**What this task involves:** Given the listing below, write out exactly the lines starting with the line that has "Манипуляция: Украина закупит" and going on through the line that has "楽し忙し!アッチェレランドピアノジングルの再生済みの波形", both kept.

**Material shown:**

------------

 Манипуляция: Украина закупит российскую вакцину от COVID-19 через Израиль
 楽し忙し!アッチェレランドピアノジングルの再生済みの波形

------------

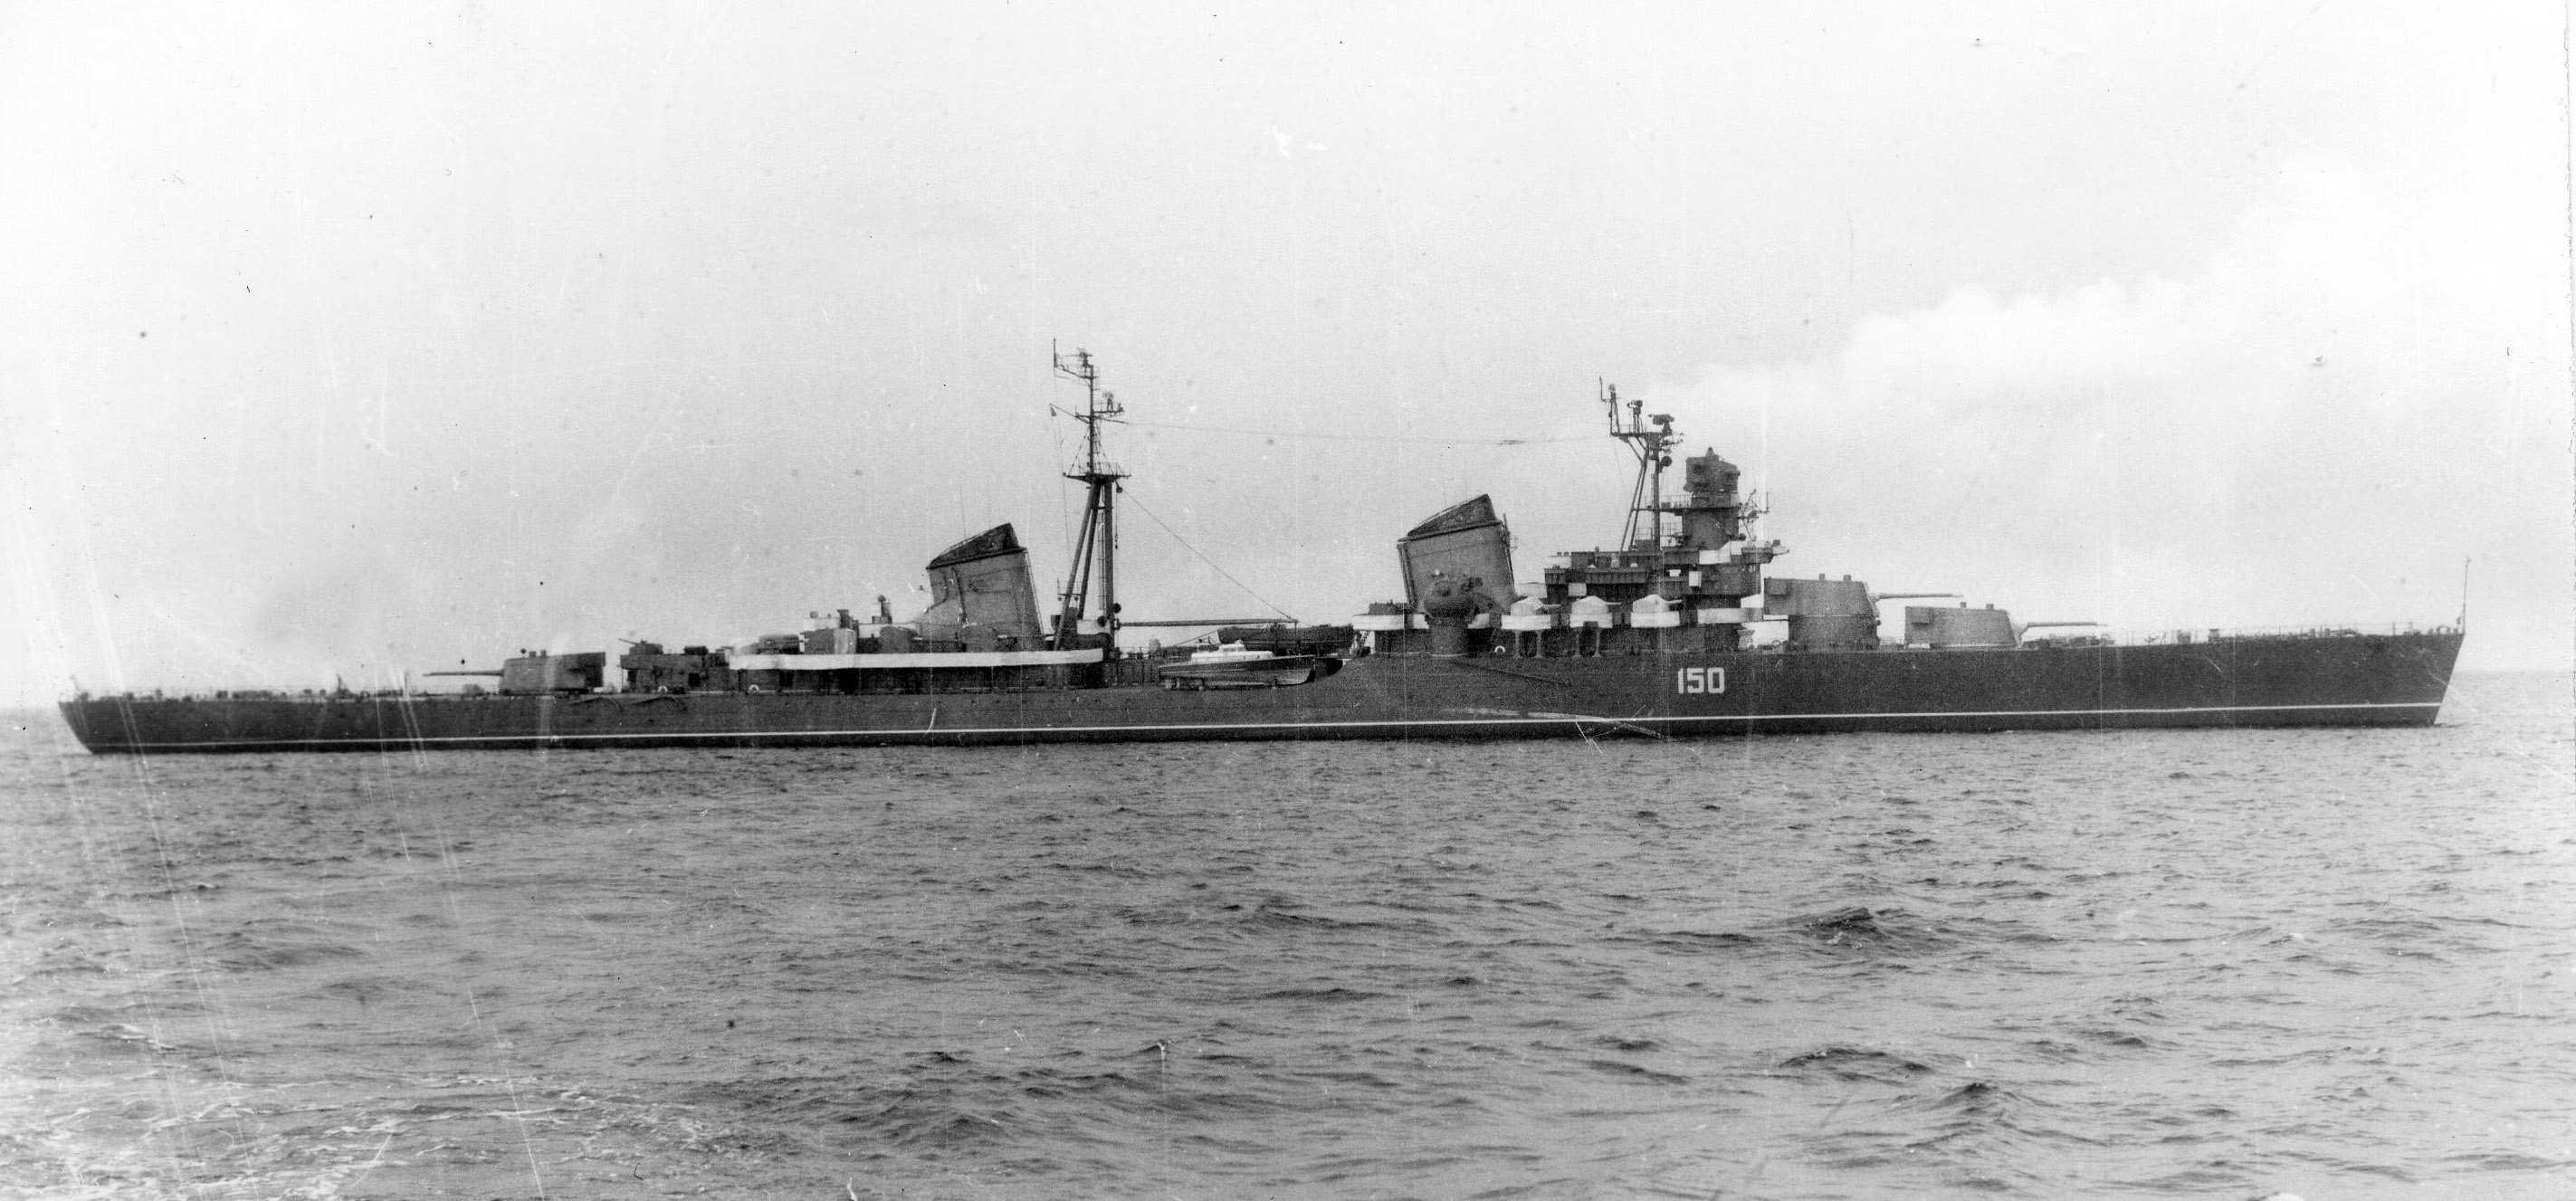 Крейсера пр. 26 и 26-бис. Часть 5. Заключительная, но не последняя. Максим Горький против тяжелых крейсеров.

------------

**Output of the task:**
 Манипуляция: Украина закупит российскую вакцину от COVID-19 через Израиль
 楽し忙し!アッチェレランドピアノジングルの再生済みの波形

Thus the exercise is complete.